We then construct a network optimization task that incorporates all costs \(C\in {\mathbb {R}}^{n\times n}\) and case variations \(\Delta CCs\in {\mathbb {R}}^{n\times 1}\) into a linear program to calculate the optimal spatial shifts \(X \in {\mathbb {R}}^{n\times n}\) that minimize shifts’ total cost during each pandemic phase (see Methods and Supplementary Information, Note 1 for details). Coefficients k and \(\delta\) do not affect the intensities of inferred shifts. We present the results using census resident population as the primary source of attraction, \(k=10^8\), \(\delta =1\), and a distance decay parameter \(\beta =0.8\). The inferred spatial shifts X are plotted as flow maps in Fig. 1C, where each aggregated pair-wise flow \(x_{ij}\in X\) is drawn as an arrow coming from state i and shifting into state j. The colours and widths of all arrows are linearly mapped according to the intensity of shifts \(log_{10}(X)\).

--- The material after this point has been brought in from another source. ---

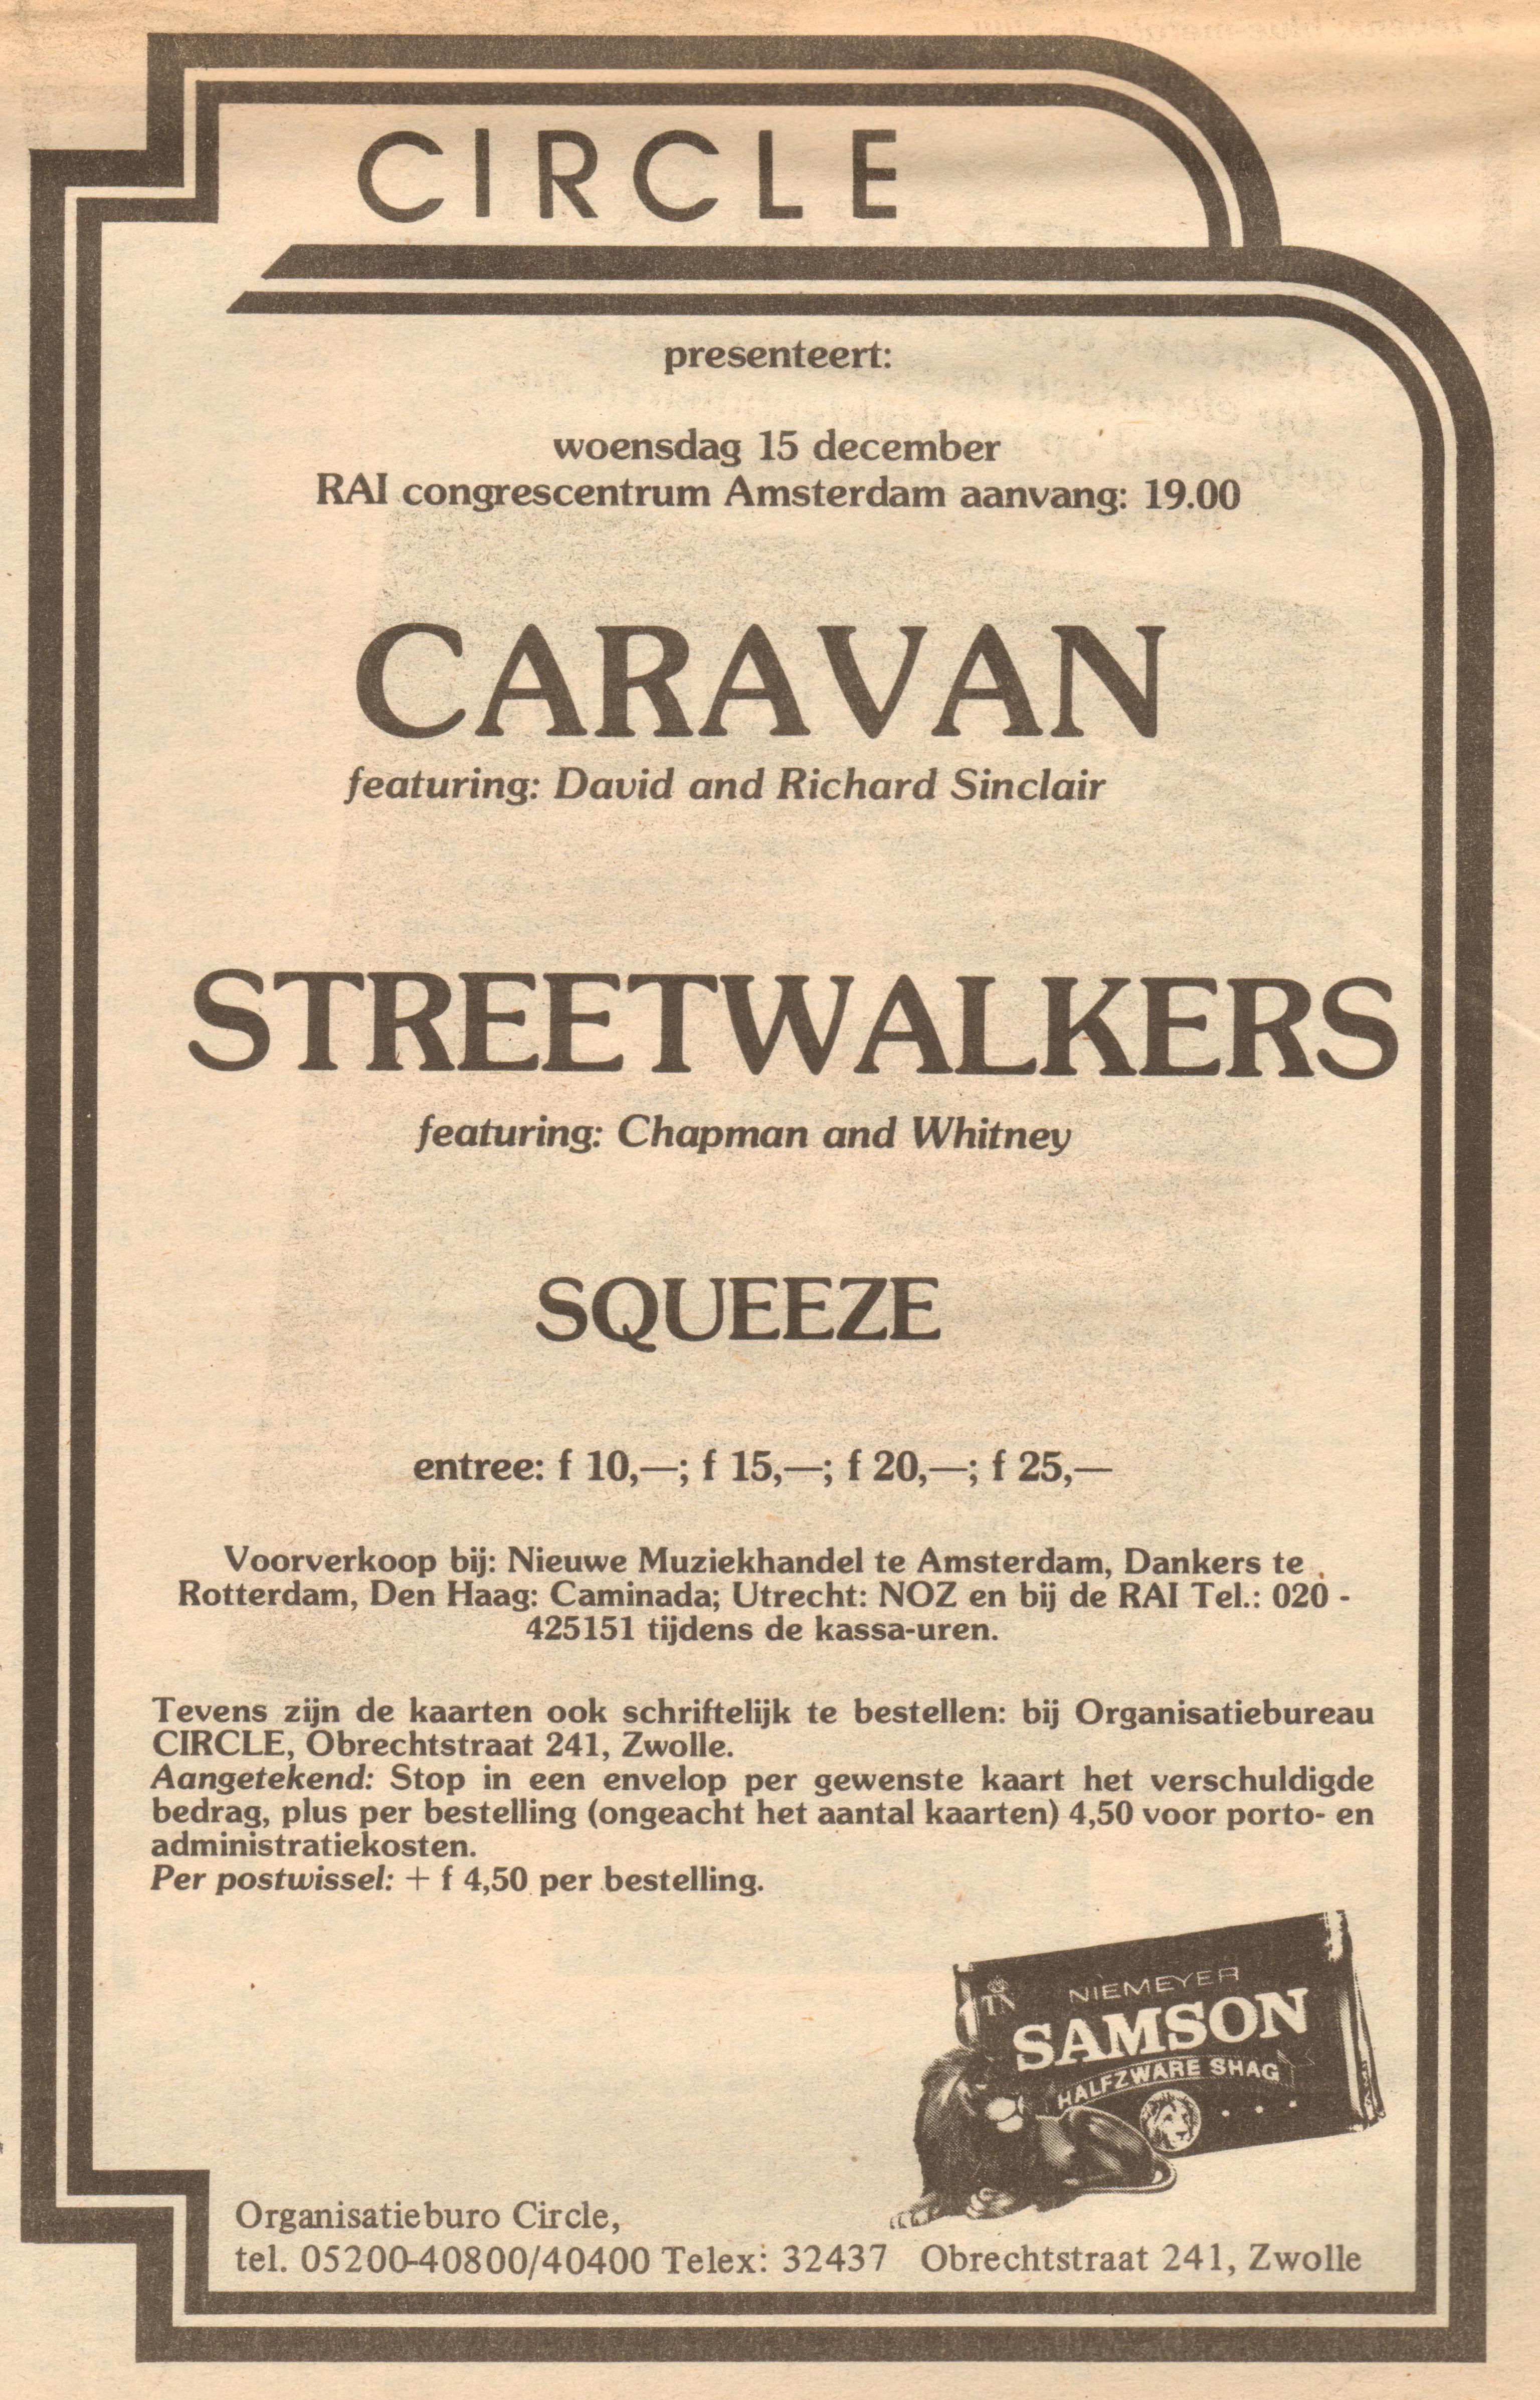 Squeeze Amsterdam 15 December 1976 Prmom AD

In Fig. 1C, we notice a stable spatial shifting pattern of pandemic centres throughout the six phases. As the total CCs consistently increases, major population centers including California (CA), New York (NY), Texas (TX), Illinois (IL) remain as the local concentration centres in the network. We observe long-range, strong shifts between states such as NY and CA (P1, P2, P5, P6), NY and IL (P1, P3, P4), CA and TX (P1, P3, P4, P6), TX and NY (P4, P5). These dominant states exhibit in-shifts from distant states and also shift out to nearby states with fewer COVID-19 cases across phases. Seeing these shifting patterns is helpful in seeing how states with larger economies and populations tend to have stronger spatial shifts in the system (Supplementary Information, Fig. S6). Specifically, CA, NY, IL and TX exchange major shifts as well as movement of cases into surrounding states. Meanwhile, some states with nonnegligible outbreaks during P4 and P5, such as New Jersey (NJ), Massachusetts (MA) and Georgia (GA), exhibit a pattern of first shifting out and then receiving in-shifts. We can also see how GA and Florida (FL) emerge in the flow maps of P4, P5 and P6 with strong out-shifts, implying potential outbreaks in later phases.

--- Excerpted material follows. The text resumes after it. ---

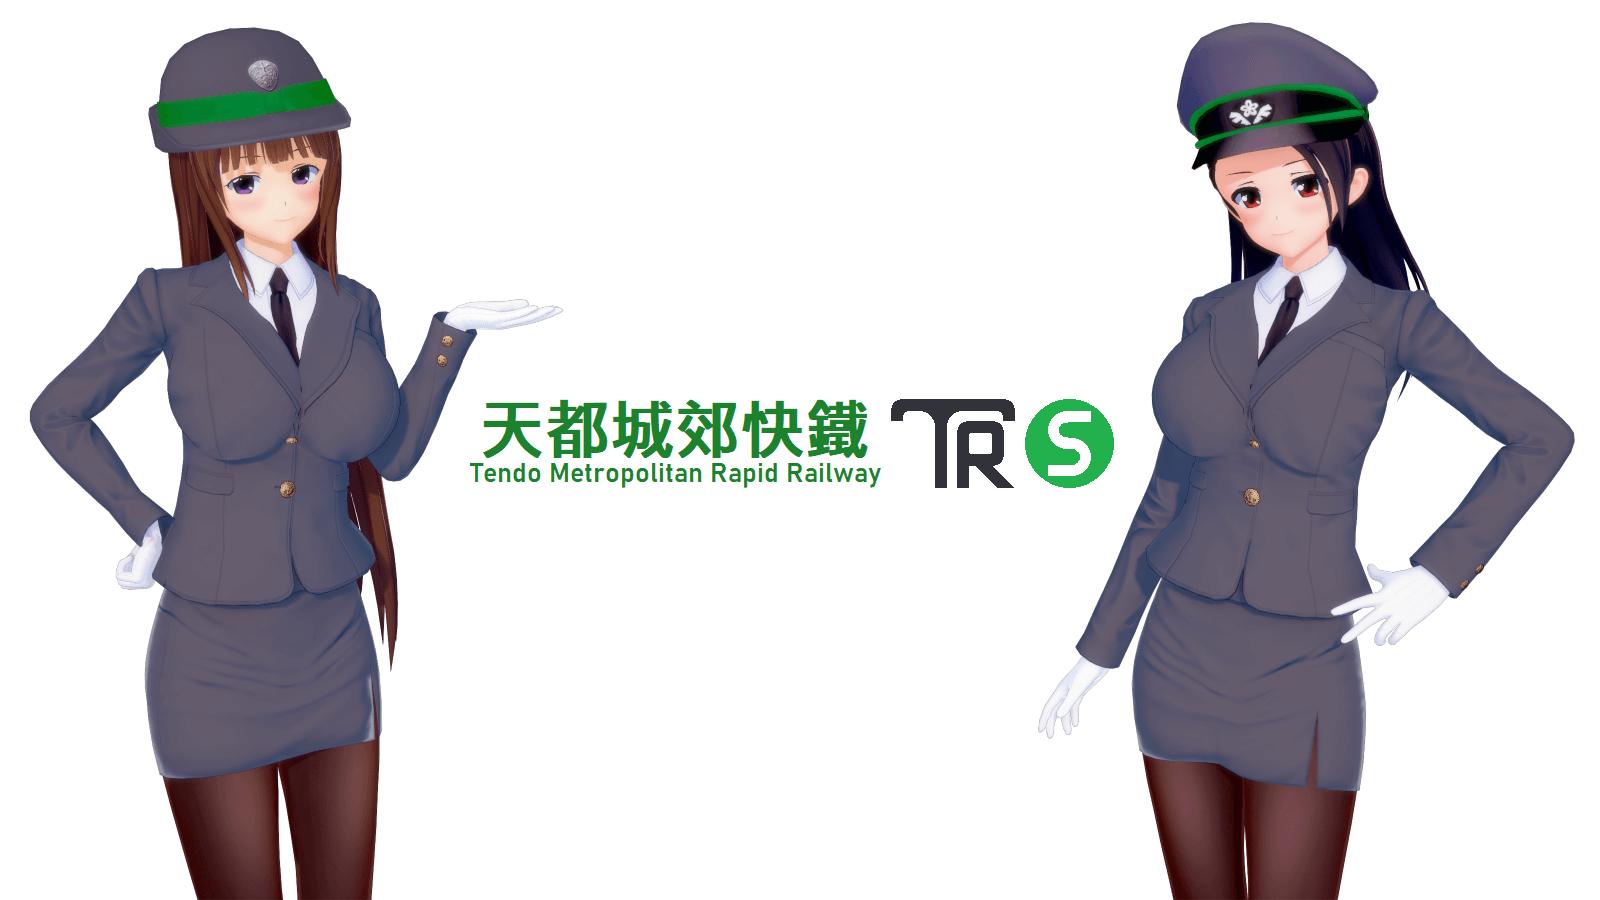 天都城郊快鐵uniform-1.png

The intensity and distance of spatial shifts indicate how the pandemic develops across phases. Statistically speaking, the sum intensity of pandemic shifts reaches its peak in P5: \(2.3\times 10^3\) (P1), \(1.56\times 10^5\) (P2), \(1.83\times 10^5\) (P3), \(6.63 \times 10^5\) (P4), \(2.00 \times 10^6\) (P5), \(4.77\times 10^5\) (P6). The mean distance (km) of non-zero shifts first decreases and then increases: 868.94 (P1), 848.57 (P2), 789.59 (P3), 776.40 (P4), 828.57 (P5), 831.60 (P6) (Supplementary Information, Fig. S7). While this is not an epidemiological study, these numbers seem to correspond with how, during P2 and P3, people followed stay-at-home orders and attendant rules around social-distancing, resulting in more short-range shifts. In contrast, in P4 and P5, these mandates started to lose efficacy due to complex socioeconomic reasons such as COVID fatigue, where people grow tired of rigidly adhering to public health guidance. The intensity and distance of shifts thus increase dramatically during P4 and P5, indicating a surge in COVID-19 cases and a follow-up new wave of pandemic outbreaks. This said, knowledge of the COVID-19 pandemic is growing by the day and there could be other reasons why we see these shifts. Nonetheless, our approach offers a new way to see the shifting spatiotemporal nature of the disease.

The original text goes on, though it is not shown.